Restate the listing below word for word; no pictures belong in the copy.

● Dataset section
★ ★ ★ ★ ★ ★ ★
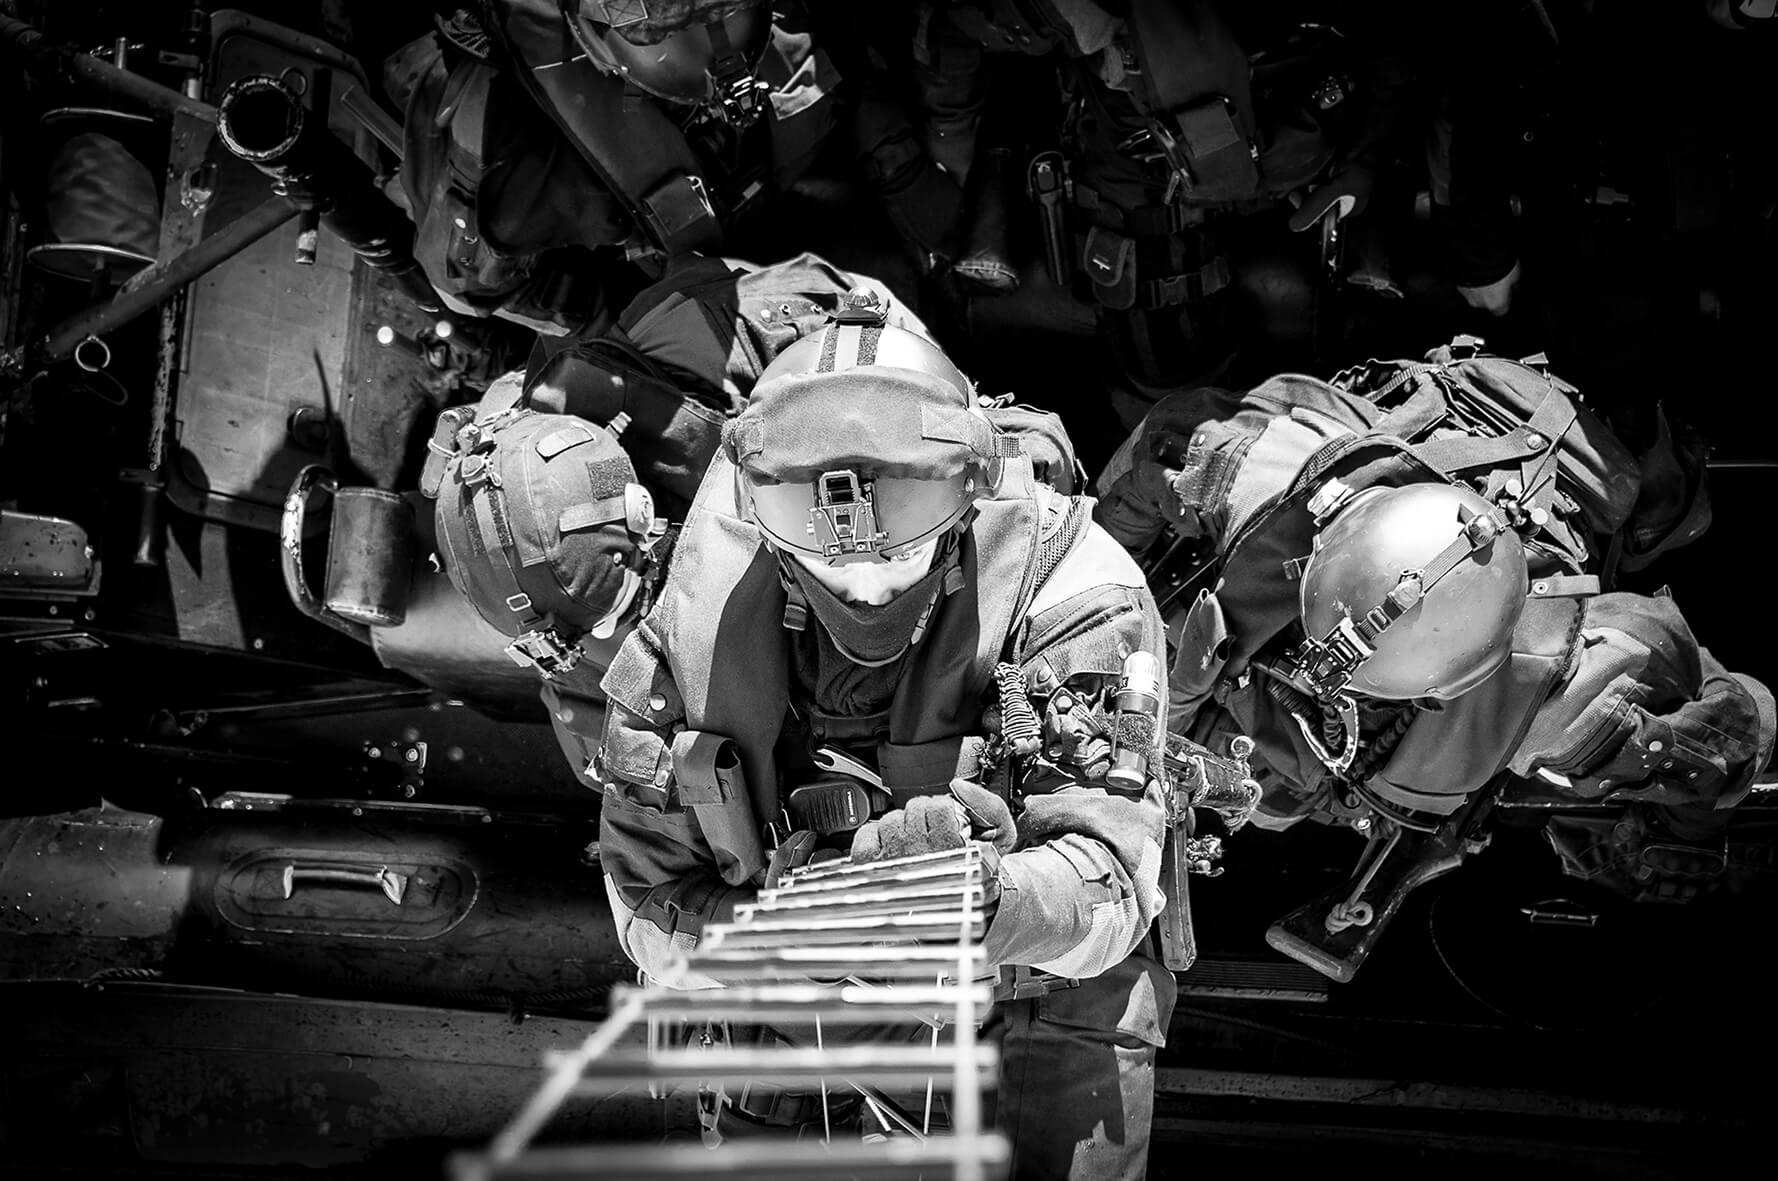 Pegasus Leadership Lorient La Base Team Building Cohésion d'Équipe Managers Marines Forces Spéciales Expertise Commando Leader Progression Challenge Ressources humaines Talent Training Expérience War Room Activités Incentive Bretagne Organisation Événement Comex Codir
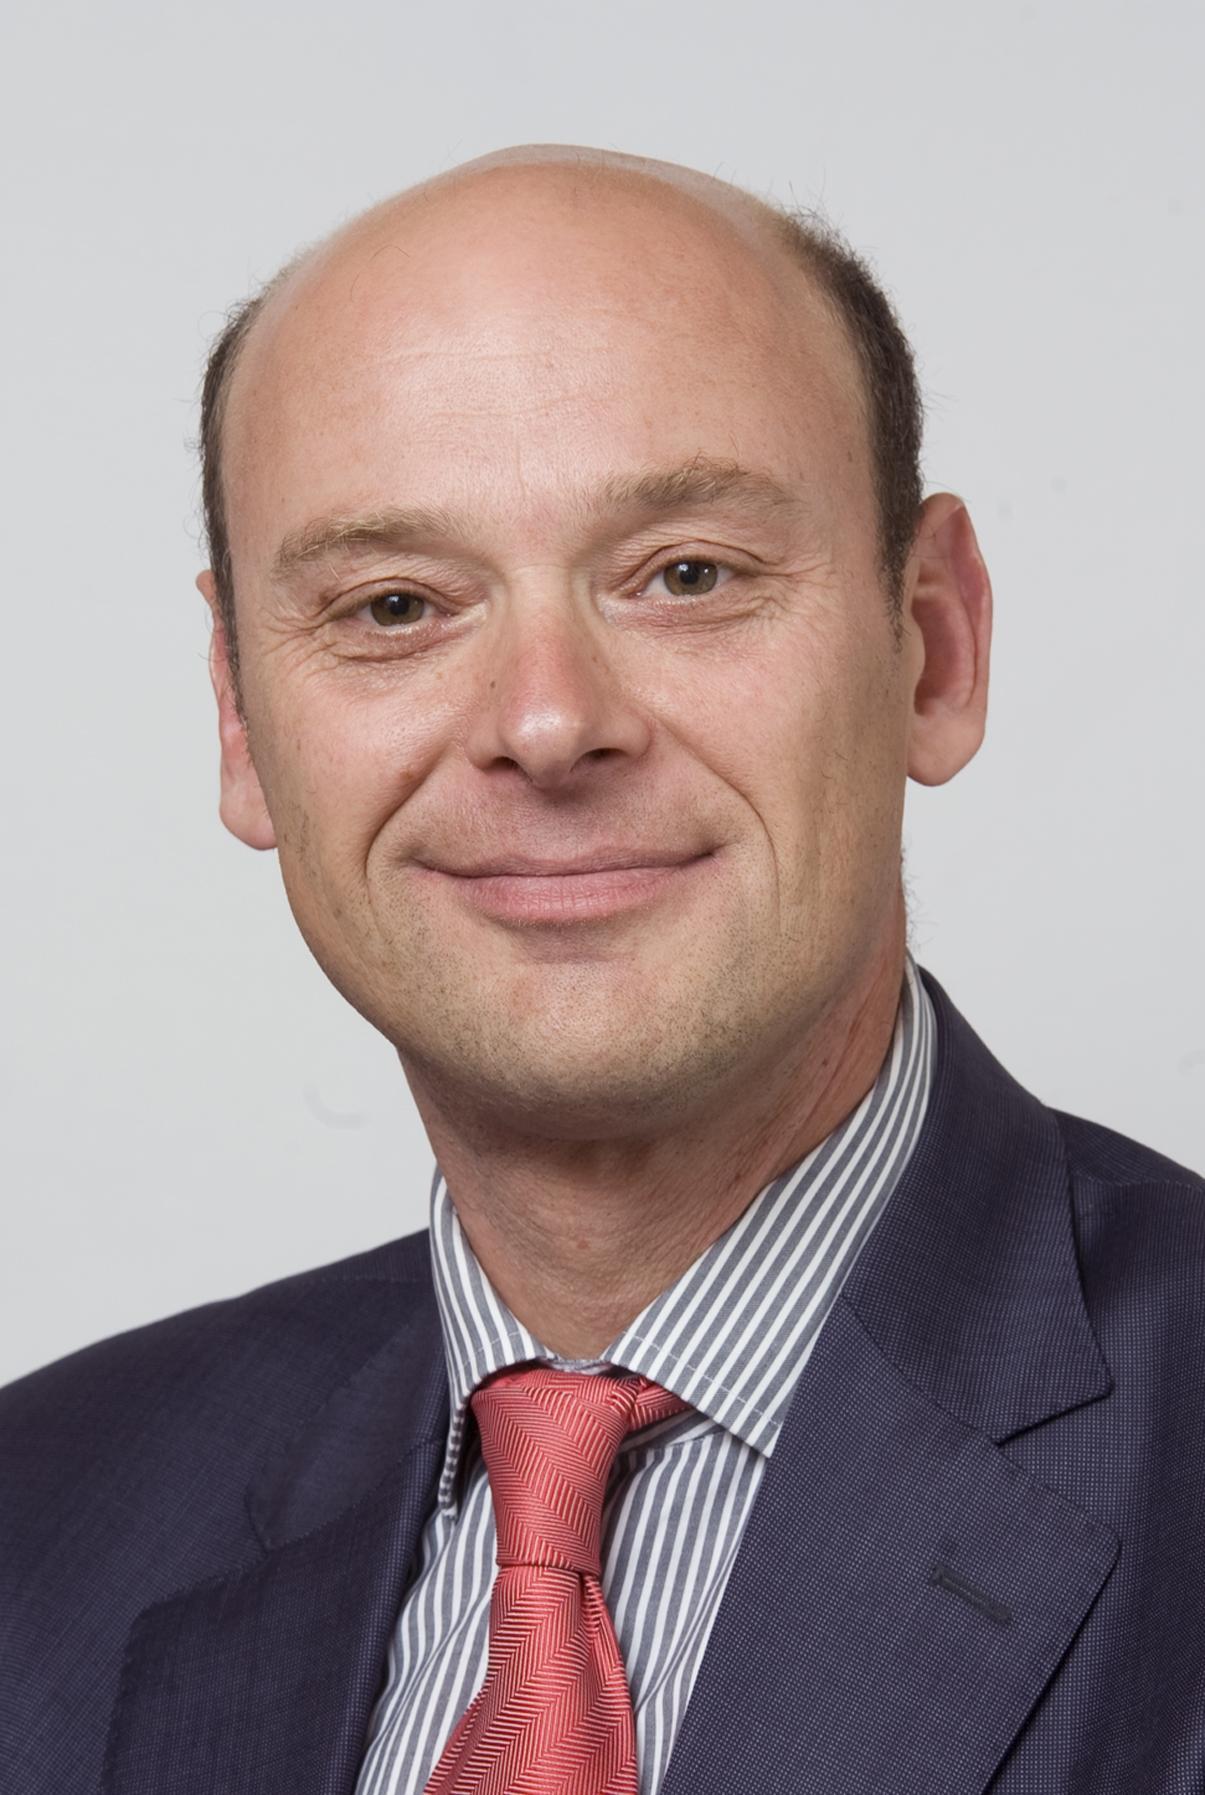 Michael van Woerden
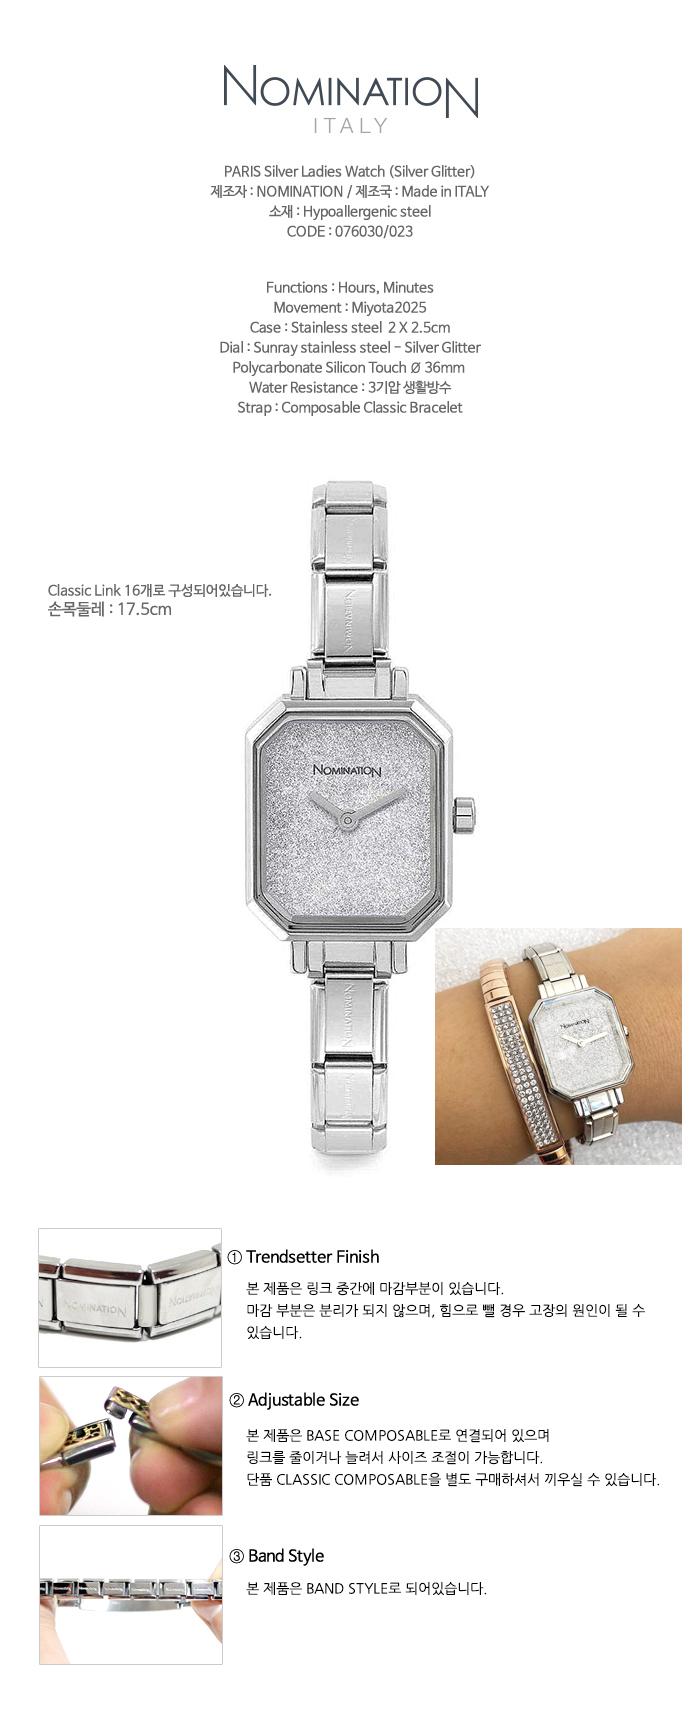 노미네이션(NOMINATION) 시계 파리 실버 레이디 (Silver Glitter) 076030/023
★ ★ ★ ★ ★ ★ ★
● Solution
 Pegasus Leadership Lorient La Base Team Building Cohésion d'Équipe Managers Marines Forces Spéciales Expertise Commando Leader Progression Challenge Ressources humaines Talent Training Expérience War Room Activités Incentive Bretagne Organisation Événement Comex Codir
 Michael van Woerden
 노미네이션(NOMINATION) 시계 파리 실버 레이디 (Silver Glitter) 076030/023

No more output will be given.